La intervención exterior en el Sahel está evolucionando a toda velocidad. Francia, que ayudó a expulsar a los yihadistas del norte de Malí en 2013, ha puesto fin a sus operaciones en ese país debido a sus tensas relaciones con Bamako, aunque mantiene bases en Níger. La misión de la ONU, en Malí desde abril de 2013, tampoco ha conseguido ningún avance. Occidente parece ahora más preocupado por evitar que los yihadistas se extiendan hacia el sur, al Golfo de Guinea. La ira de toda la región contra los franceses va en aumento, en gran parte debido a una década de fracasos occidentales a la hora de frenar la violencia islamista, pero también a la desinformación rusa. Es poco probable que los brutales pistoleros a sueldo de Wagner lo hagan mejor, pero a muchas poblaciones locales les molesta que se critique al grupo ruso teniendo en cuenta el legado de Occidente.

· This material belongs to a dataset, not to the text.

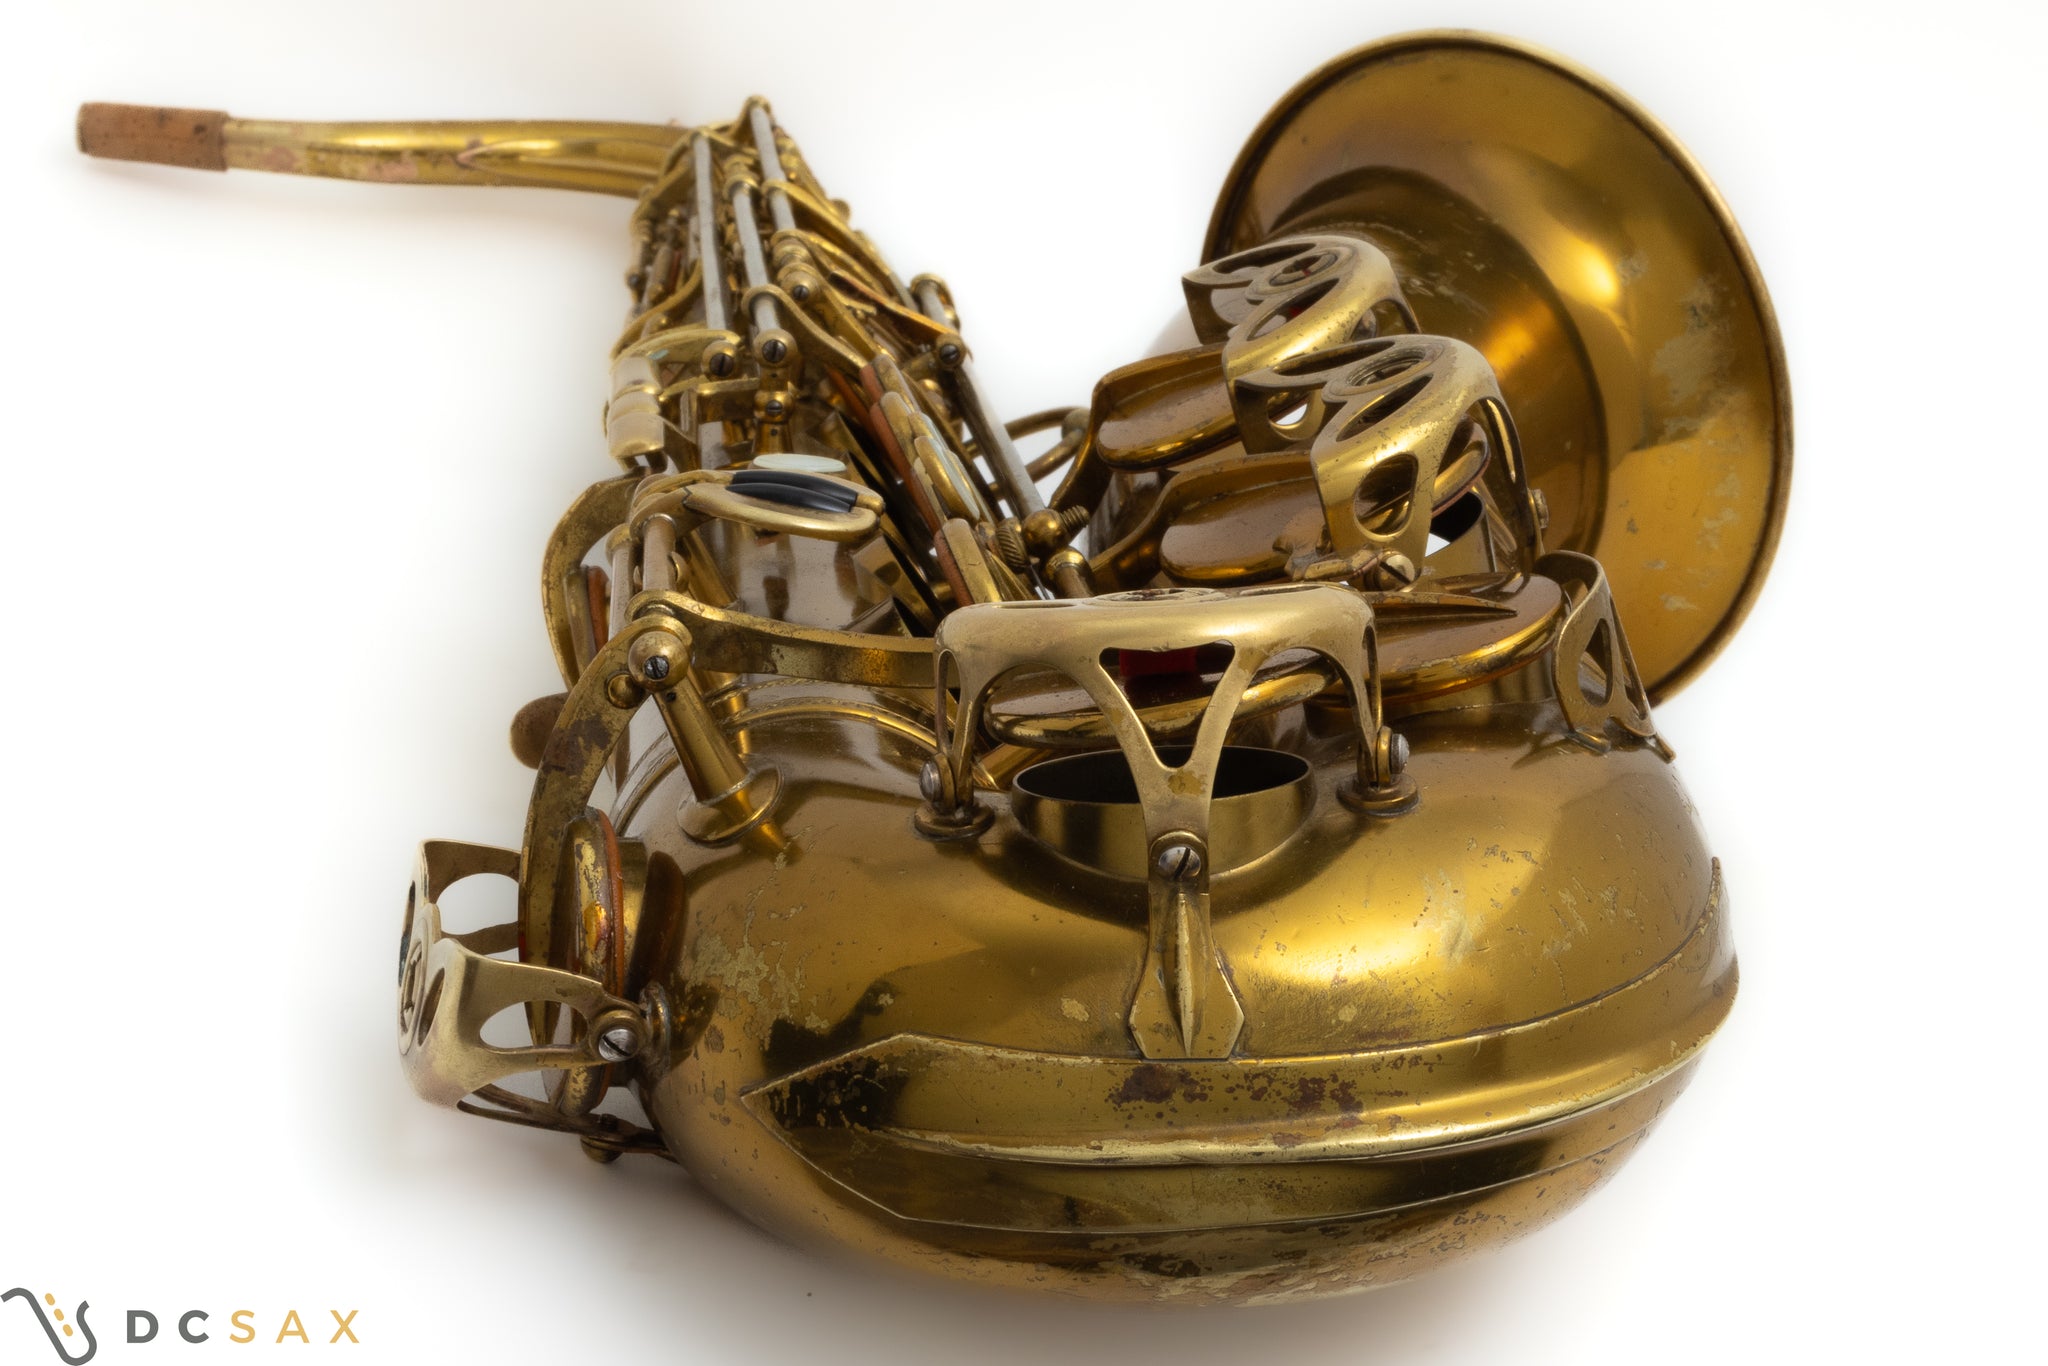 1936 Selmer Balanced Action Tenor Saxophone, Original Lacquer, Video

Lo más importante en un momento trascendental para la región es que las autoridades se replanteen la estrategia, hasta ahora predominantemente militar, para hacer frente a los yihadistas. Las operaciones militares desempeñan un papel importante, pero deben estar supeditadas a los intentos de mejorar las relaciones entre las comunidades, ganarse a la población del interior e incluso dialogar con los líderes islamistas. Los gobiernos occidentales deberían estar escarmentados después de su historial en la última década. Sin embargo, ahora que algunos dirigentes de la región están mirando a Moscú, sería un error cortar los lazos e intentar obligarles a elegir un bando.